August 14, 2024
Last month I had the pleasure of talking about the future of synthetic biology with some smart colleagues at a Chan Zuckerberg Initiative workshop. (For the CZI post on LinkedIn, see here.) While I’ve done a little work in synthetic biology over the years, and have been interested in it since graduate school, I usually don’t think about my current work as ‘synthetic biology’. This was true for a few of the other participants, who don’t typically bill themselves as synthetic biologists. It was a useful exercise for us to rub shoulders with bona fide synthetic biologists and to start thinking again about how basic work in genomics and metabolism aligns with the big goals of the synthetic biology field.
What are the big goals of synthetic biology? For a long time, the field was dominated by two. First, figure out how to design biological circuits from scratch. The pathbreaking 2000 paper by Michael Elowitz and Stan Leibler describing a synthetic “repressilator” has long been one of the paradigm-setting papers for those who want to build synthetic biological circuits. At the CZI meeting, Elowitz presented some interesting ideas about developing biological APIs into which we can plug different synthetic modules. (Here’s a nice explanation of an API for non-computer folks.) As a concrete example, Elowitz talked about his lab’s recent work on modular miRNA circuits called Dosage-Invariant miRNA-Mediated Expression Regulator (DIMMERs), designed to stably tune the expression of transgenes in a cell.
miRNA-based DIMMER. Figure 2B from Du, et al, available on bioRxiv.

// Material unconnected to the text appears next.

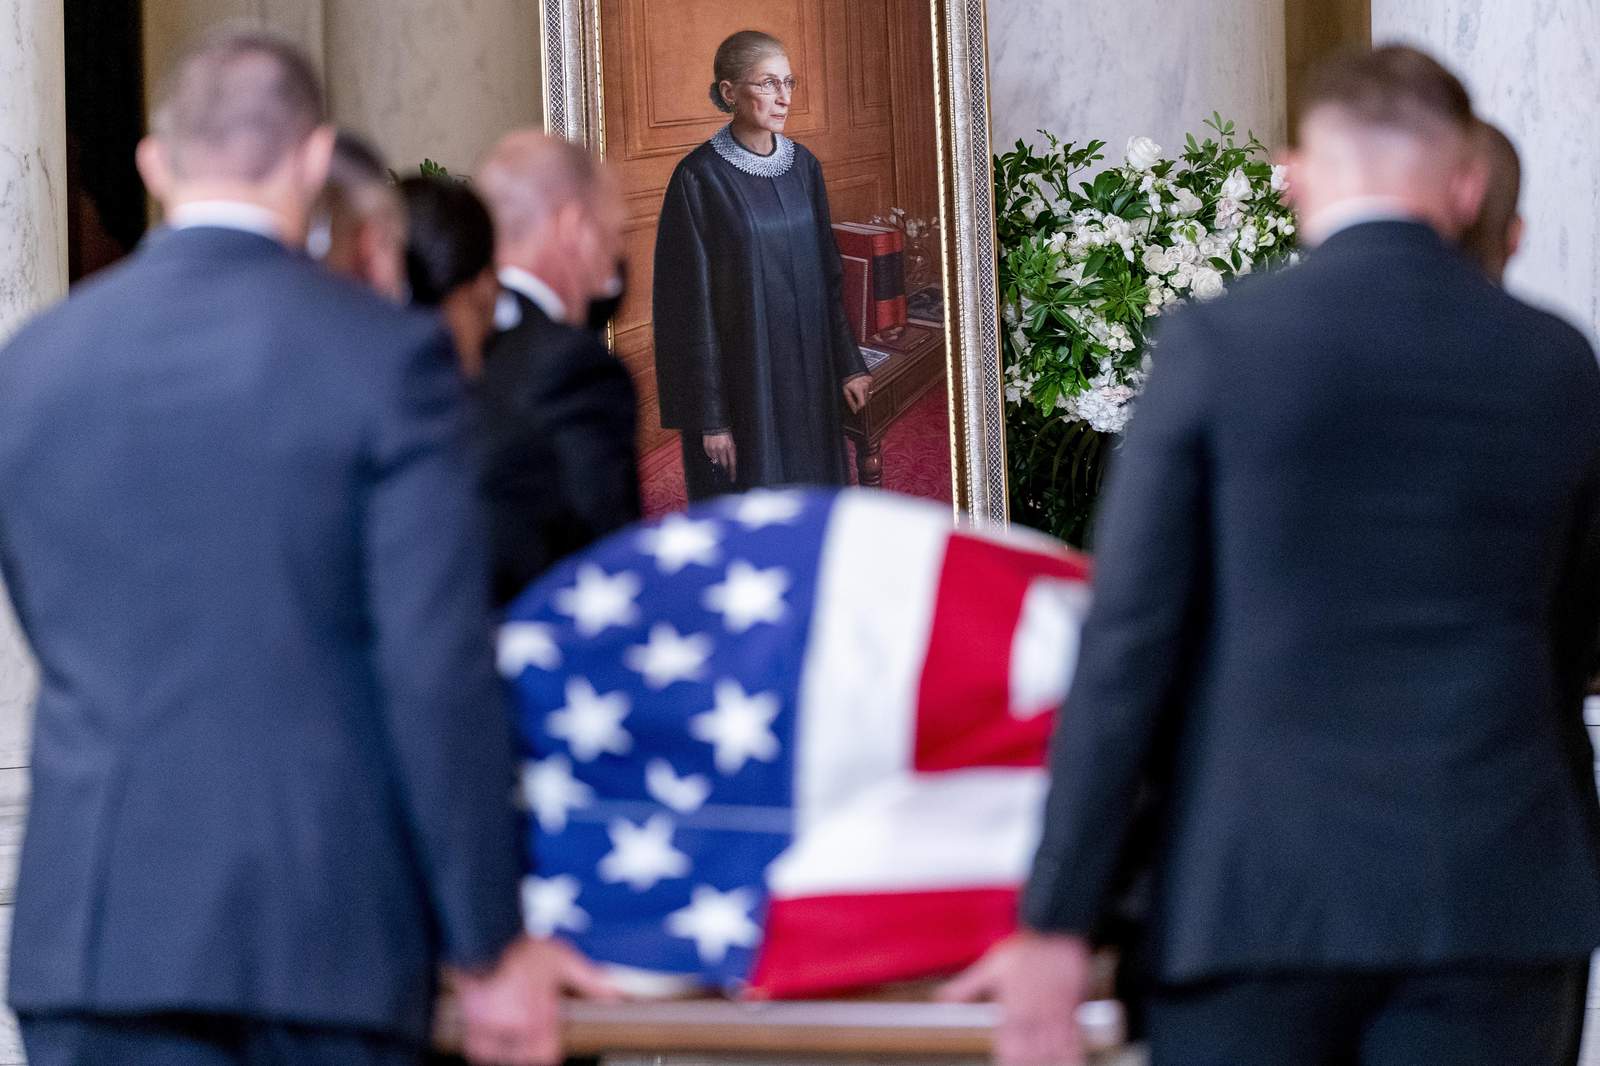 Long lines of mourners pay respects to Ginsburg at court

The second long-time big goal of the field is DNA synthesis. If you’re going to make sophisticated biological circuits, you need to be able to make a lot of DNA. Hence there has been much work on building synthetic chromosomes over the years. John Glass, of the J. Craig Venter Institute, talked about their efforts to make synthetic chromosomes and minimal genomes. The latter paper was work done with Elizabeth Strychalski, of the National Institute of Standards and Technology (NIST). I hadn’t previously realized that NIST was involved in synthetic biology, but it makes sense that they are.
And speaking of NIST, another important theme at the meeting was standards for the field, something which academics are terrible at thinking about. There is a bit of a collective action problem here. Everyone is incentivized to always focus on developing something new, but in many cases it’s important for a field to step back and collectively decide on standards of performance that any new tool should meet. The ENCODE project did this for basic genomic assays like ChIP-seq and RNA-seq. The American College of Medical Genetics and Genomics is doing this for massively parallel functional assays that aim to help physicians decide whether a patient’s particular genetic variant is causing disease. In the synthetic biology field, there are some opportunities for standards, though, based on what I heard, not a lot of agreement of what those should be. AI models, particularly generative models for design are an obvious candidate for some clear performance standards.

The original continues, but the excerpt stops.